Vision Transformer (ViT) implementation.
Treats an image as a sequence of fixed-size patches, linearly embeds each patch, prepends a learnable CLS token, adds position embeddings, and processes the resulting sequence through standard transformer encoder blocks.
Architecture
Image [batch, channels, height, width]
|
+-----v-----------------+
| Patch Embedding | Split into P x P patches, linear project
+------------------------+
|
v
[batch, num_patches, embed_dim]
|
+-----v-----------------+
| Prepend CLS Token | Learnable [1, 1, embed_dim] token
+------------------------+
|
v
[batch, num_patches + 1, embed_dim]
|
+-----v-----------------+
| Add Position Embedding | Learnable [1, num_patches + 1, embed_dim]

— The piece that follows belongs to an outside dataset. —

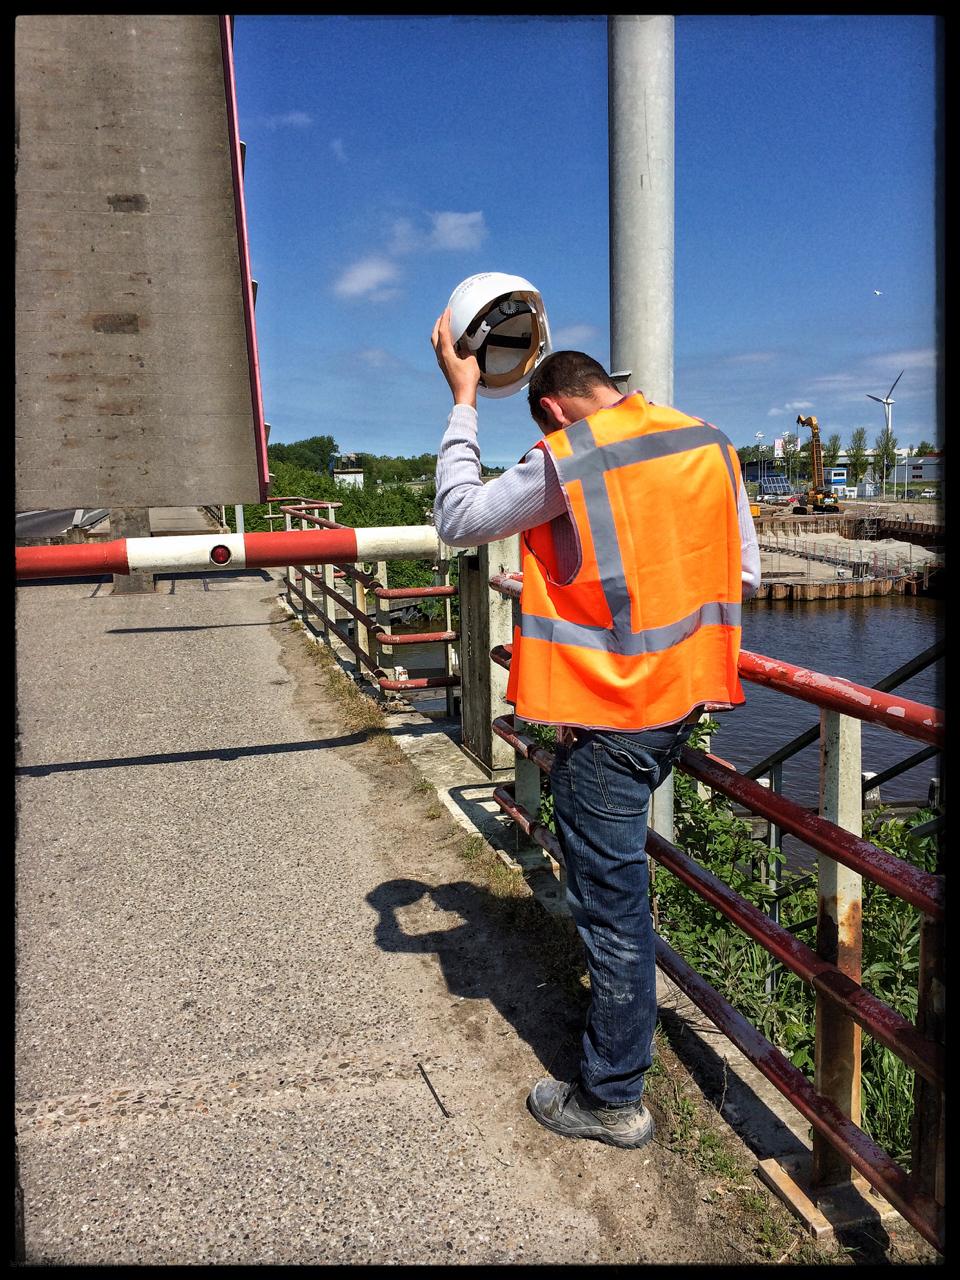 brug bridge worker

+------------------------+
|
v
+-----v-----------------+
| Transformer Block x N |
| LayerNorm |
| Self-Attention |
| Residual |
| LayerNorm |
| MLP (expand + GELU) |
| Residual |
+------------------------+
|
v
+-----v-----------------+
| Extract CLS Token | [batch, embed_dim]
+------------------------+
|
v
+-----v-----------------+
| LayerNorm |
+------------------------+
|
v
+-----v-----------------+
| Optional Classifier | Dense -> num_classes
+------------------------+Usage
# ViT-Base for ImageNet
model = ViT.build(
image_size: 224,
patch_size: 16,
embed_dim: 768,
depth: 12,
num_heads: 12
)
# Small ViT for CIFAR-10
model = ViT.build(
image_size: 32,
patch_size: 4,
embed_dim: 192,
depth: 6,
num_heads: 3,
num_classes: 10
)References
- "An Image is Worth 16x16 Words: Transformers for Image Recognition at Scale" (Dosovitskiy et al., ICLR 2021)
Summary
Types
@type build_opt() :: {:depth, pos_integer()} | {:dropout, float()} | {:embed_dim, pos_integer()} | {:image_size, pos_integer()} | {:in_channels, pos_integer()} | {:mlp_ratio, float()} | {:num_classes, pos_integer() | nil} | {:num_heads, pos_integer()} | {:patch_size, pos_integer()}
Options for build/1.
Functions
Build a Vision Transformer model.
Options
:image_size- Input image size, square (default: 224):patch_size- Patch size, square (default: 16):in_channels- Number of input channels (default: 3):embed_dim- Embedding dimension (default: 768):depth- Number of transformer blocks (default: 12):num_heads- Number of attention heads (default: 12):mlp_ratio- MLP hidden dim ratio relative to embed_dim (default: 4.0):dropout- Dropout rate (default: 0.0):num_classes- Number of classes for classification head (optional)
Returns
An Axon model. Without :num_classes, outputs [batch, embed_dim].
With :num_classes, outputs [batch, num_classes].
@spec output_size(keyword()) :: pos_integer()
Get the output size of a ViT model.
Returns :num_classes if set, otherwise :embed_dim.